Dallas Area Rapid Transit will soon launch a pilot program to offer services to vagrants, homeless riders, and passengers suffering from severe mental illness.

The Dallas Area Rapid Transit (DART) Cares program will cost taxpayers $1.6 million. It will consist of four teams, each of which will include a paramedic, a behavioral health clinician, and a DART police officer.

Two teams will be mobile, operating between platforms and stations, while the other two will patrol the rail system itself. The rail teams will be equipped to offer virtual access to services for homeless people, including veterans services and housing referrals.

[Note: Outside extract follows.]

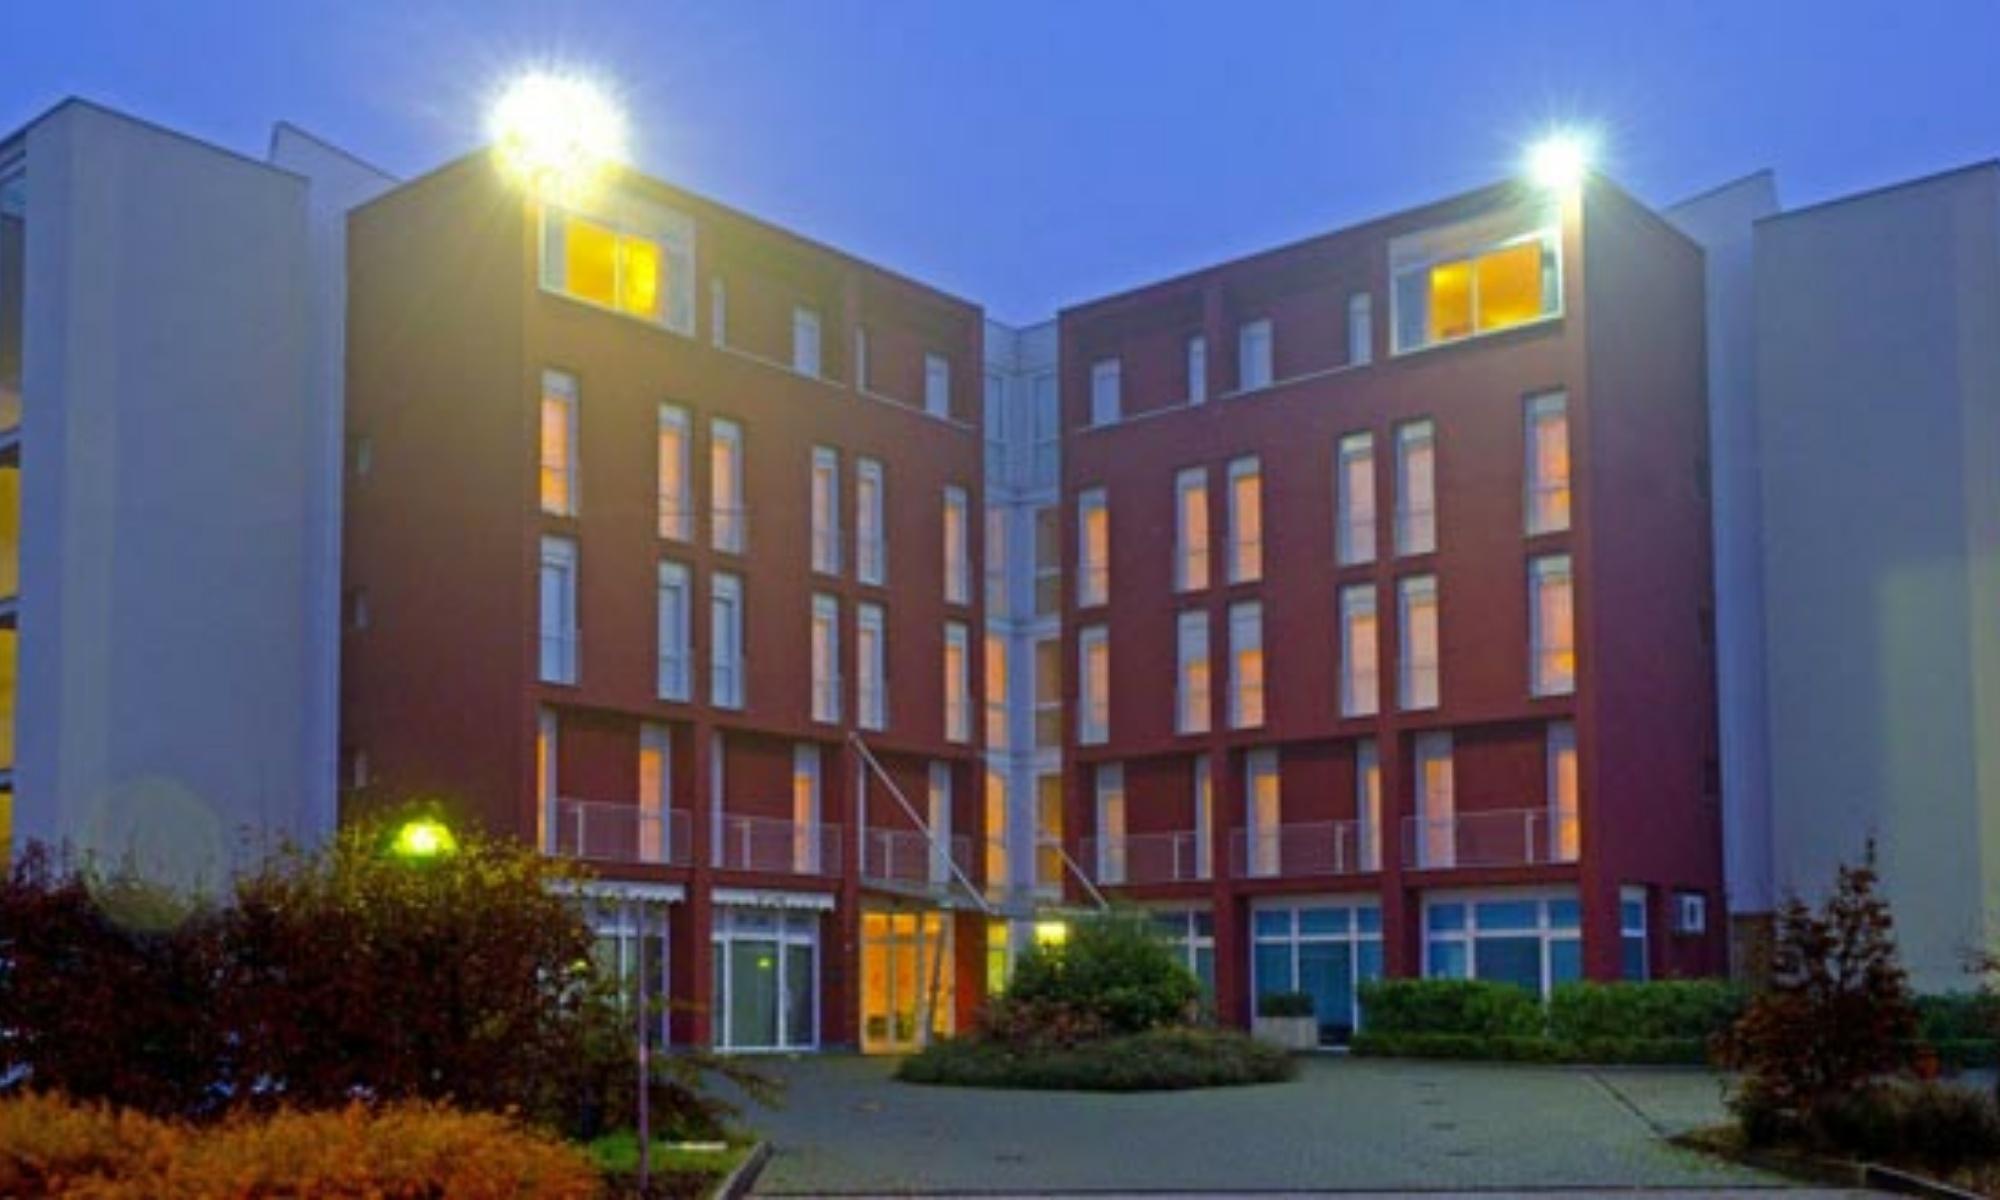 Quale Hotel a Parma con Parcheggio? Dove vince il Relax.. Hotel Campus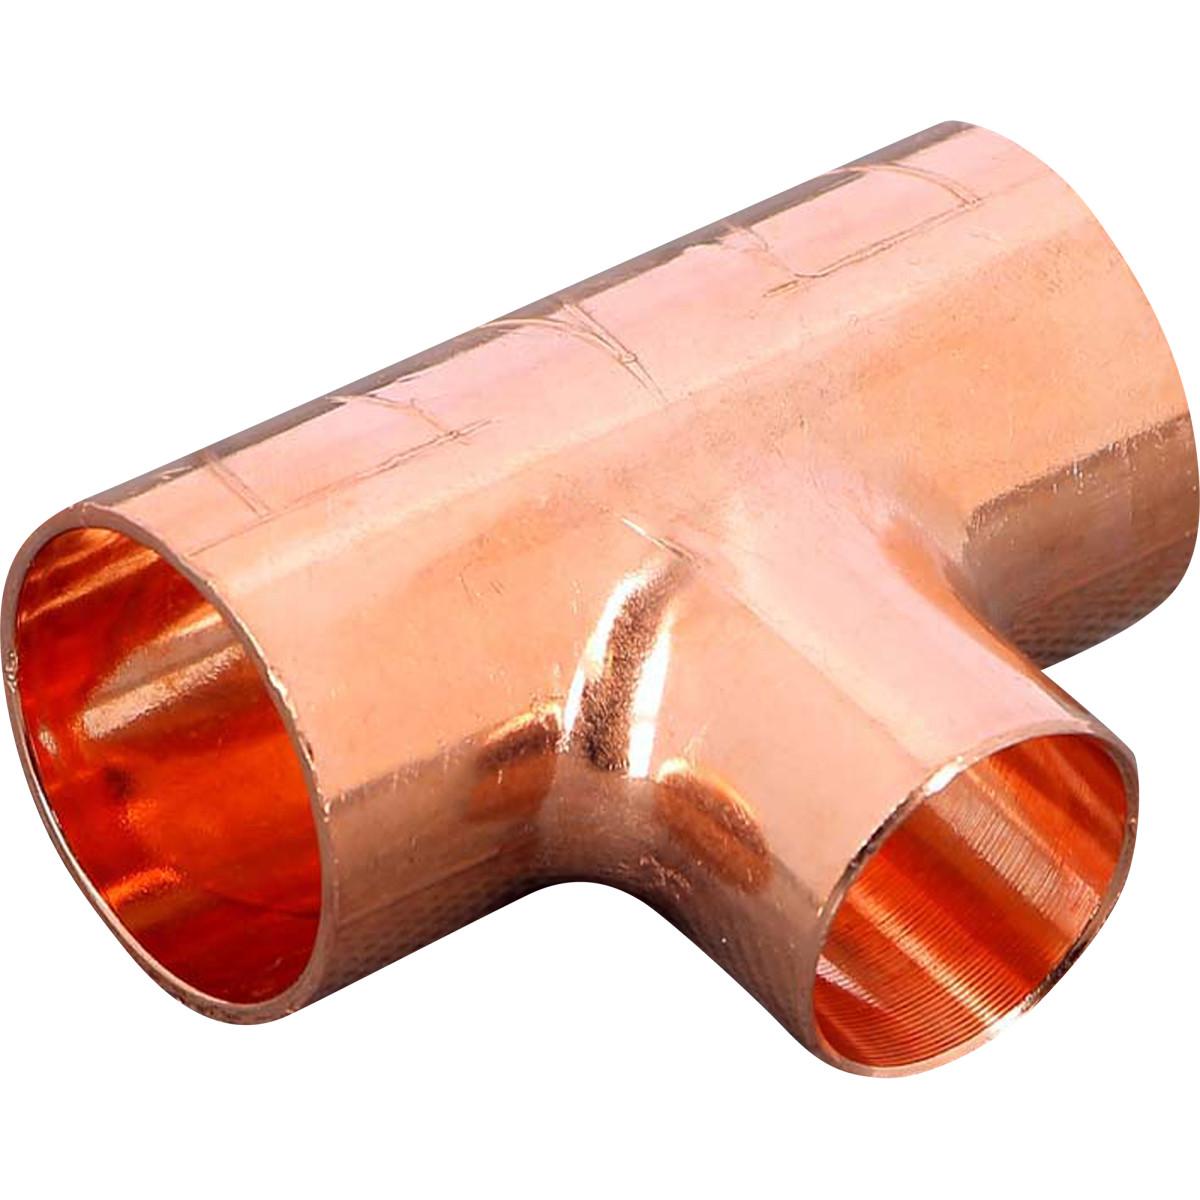 Тройник пайка Viega 28x22x28 мм медь

“DART’s always been concerned and been trying to help those who are experiencing homelessness,” said Brad Cummings, vice president of business services for DART, as reported by KERA News.

“Our board and our CEO have established over the last few years a really large drive to increase the safety, reliability and cleanliness at our system and have been able to put money where that purpose is,” he said.

“We really wanted to help those who are experiencing homelessness or behavioral health concerns get access to the tools and resources that exist in the community to help and assist them instead of utilizing DART as just the place to be,” Cummings added.

As previously reported by The Dallas Express, DART trains have been awash with vagrancy and rampant drug use. DART riders have even documented other passengers openly using what appeared to be heroin on a train.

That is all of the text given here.